─── Collected data

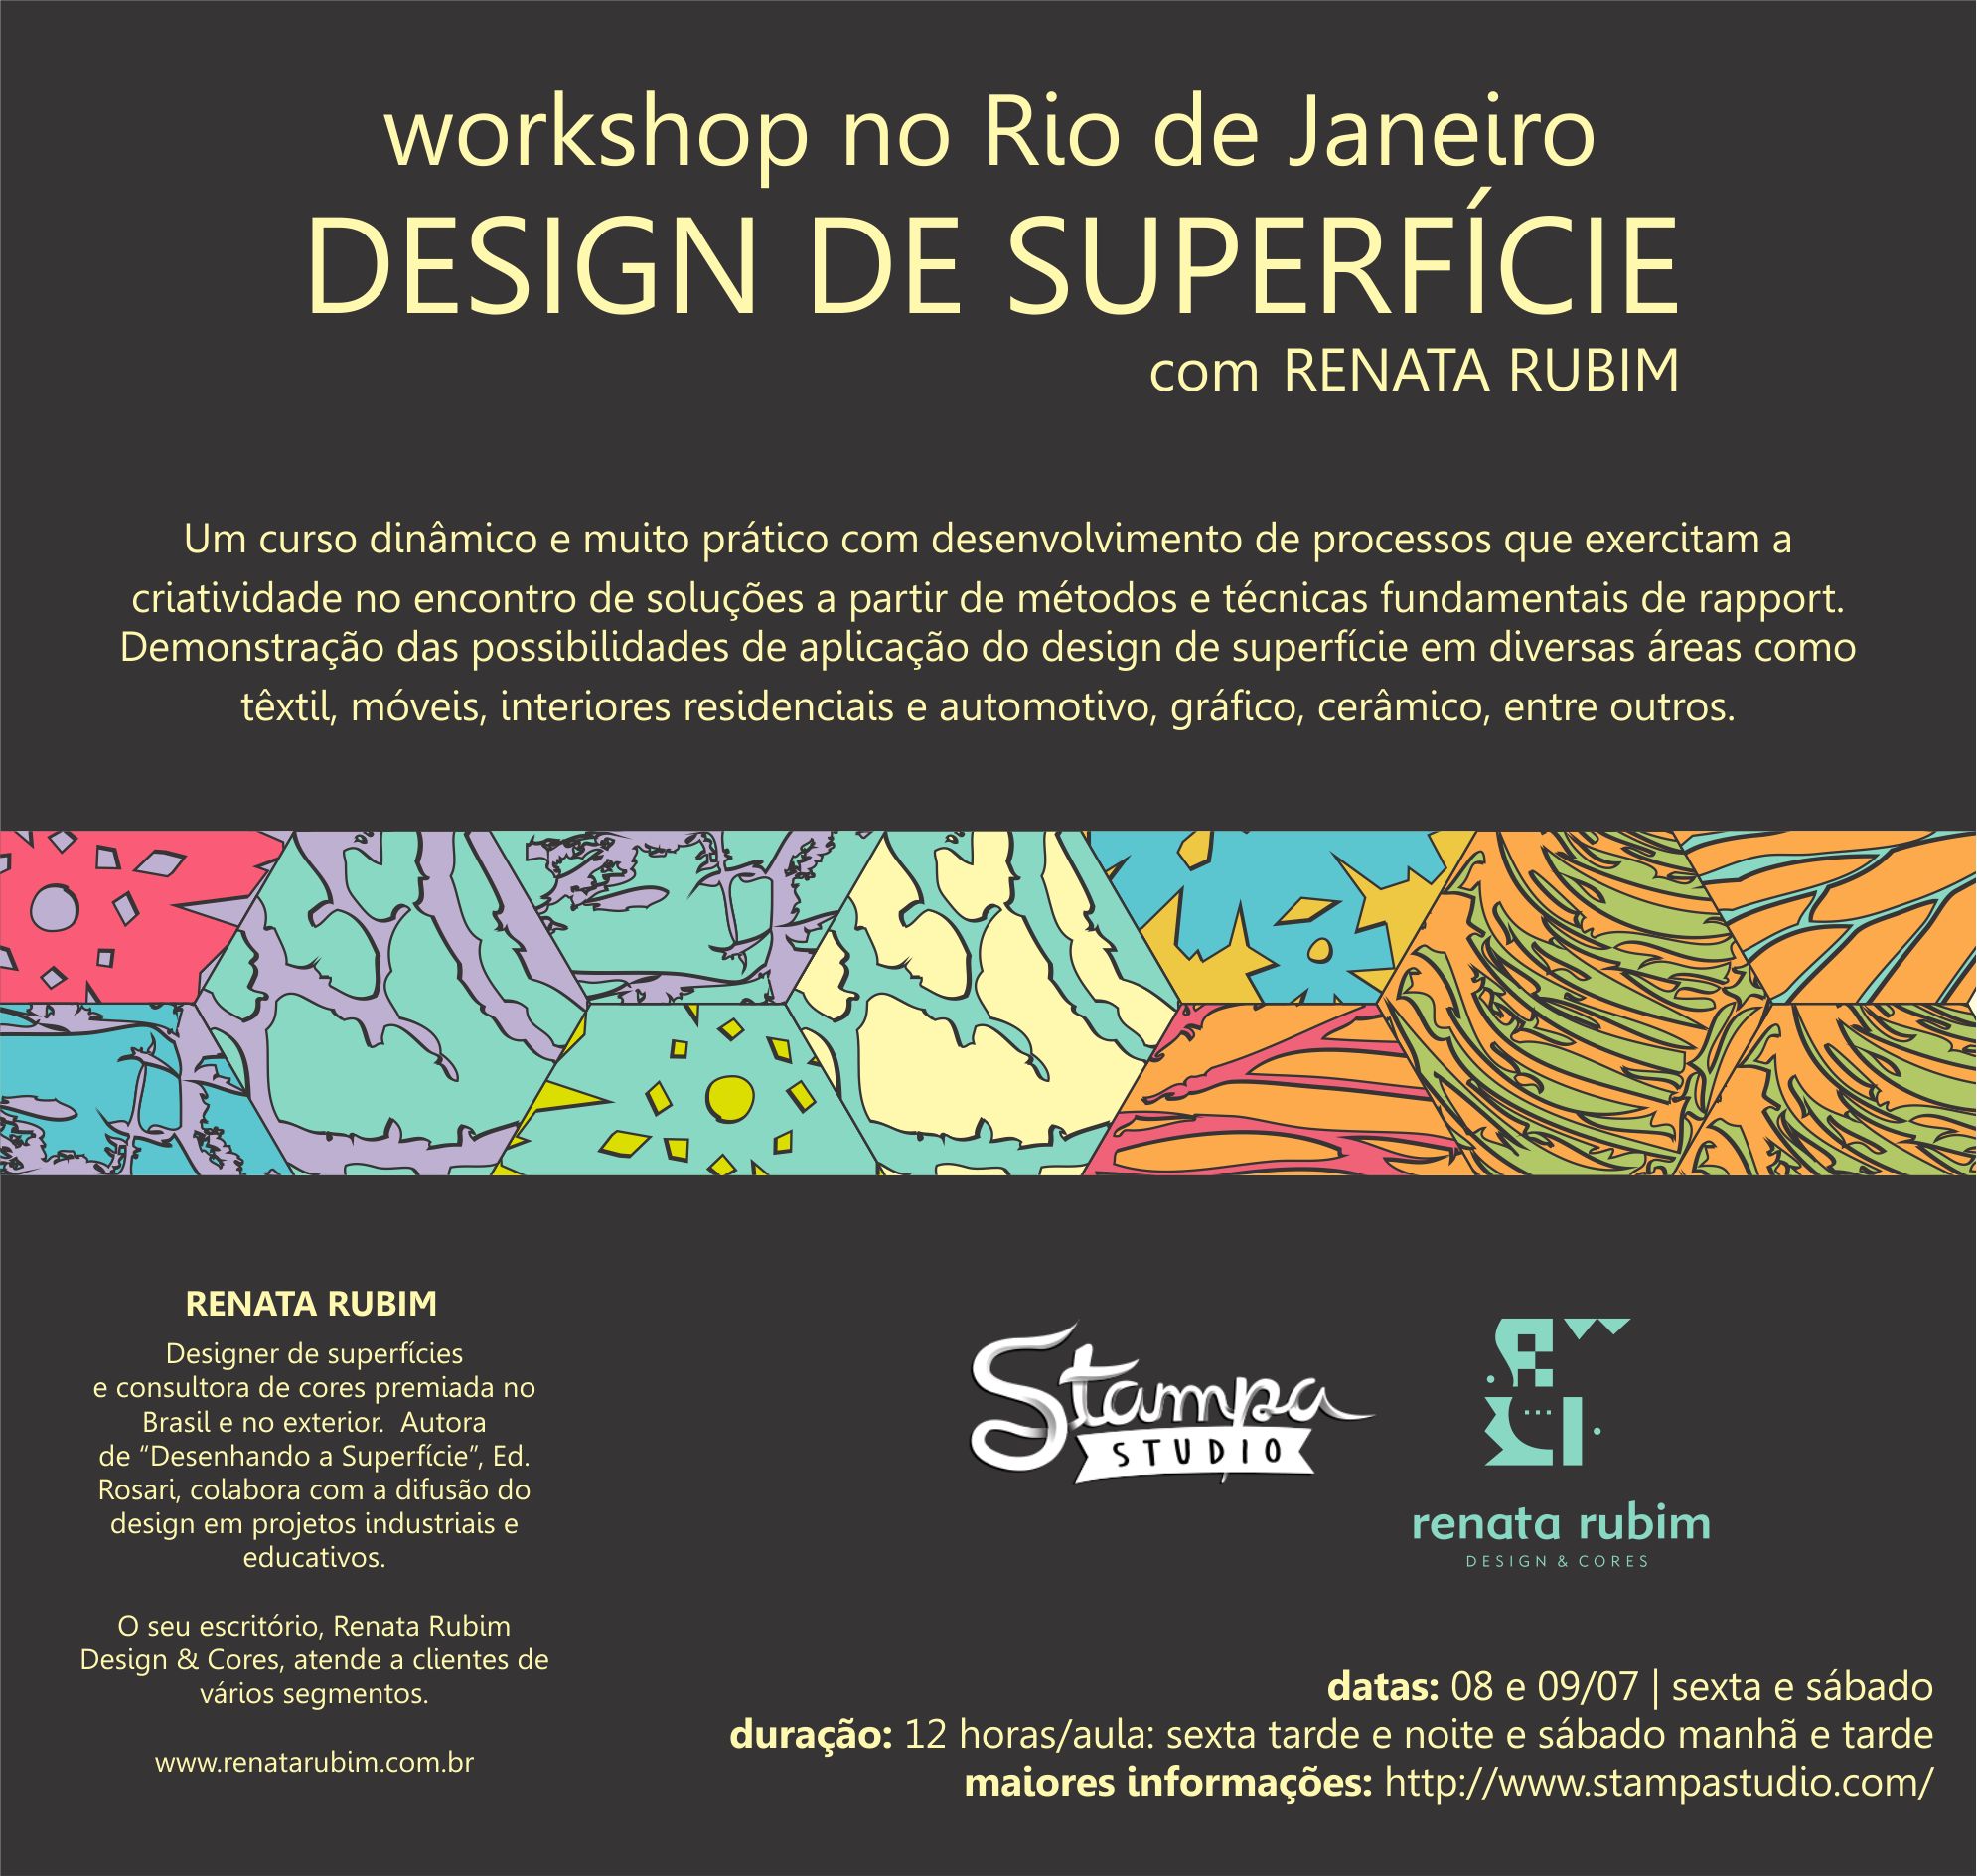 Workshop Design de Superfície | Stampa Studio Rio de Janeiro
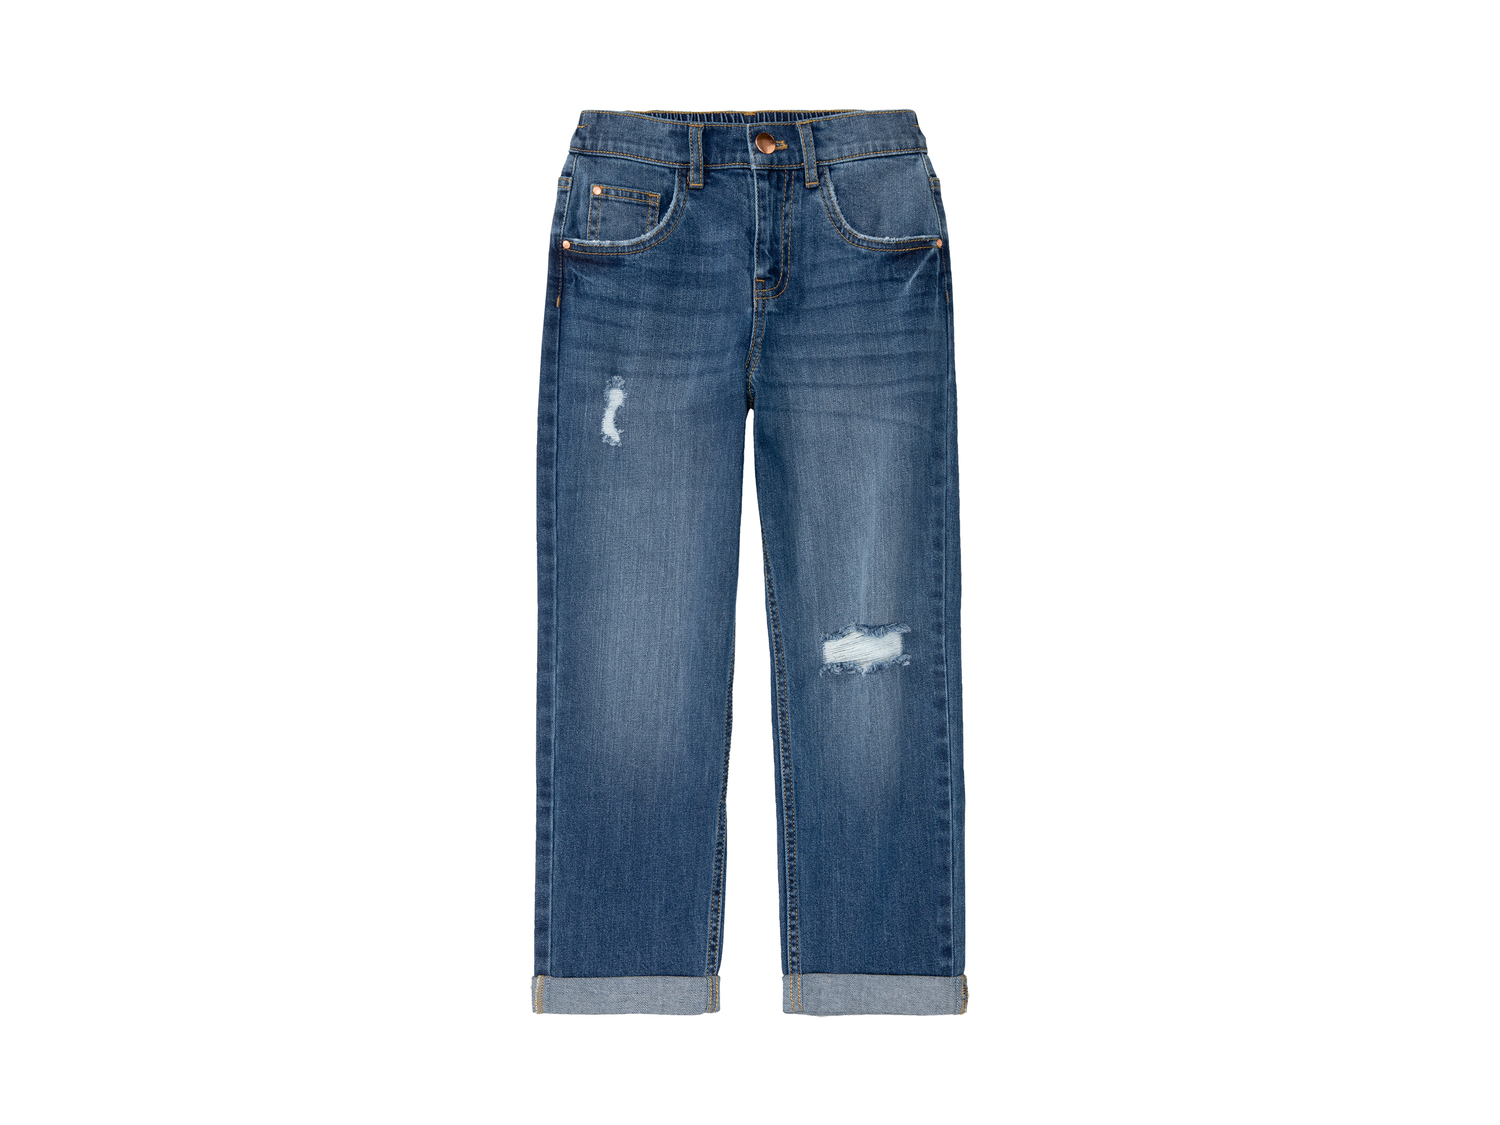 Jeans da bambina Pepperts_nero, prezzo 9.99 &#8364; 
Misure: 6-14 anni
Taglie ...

──────

Try it: Leave the pictures out and set down the rest of the listing above exactly.

Answer for this exercise:
 Workshop Design de Superfície | Stampa Studio Rio de Janeiro
 Jeans da bambina Pepperts_nero, prezzo 9.99 &#8364; 
Misure: 6-14 anni
Taglie ...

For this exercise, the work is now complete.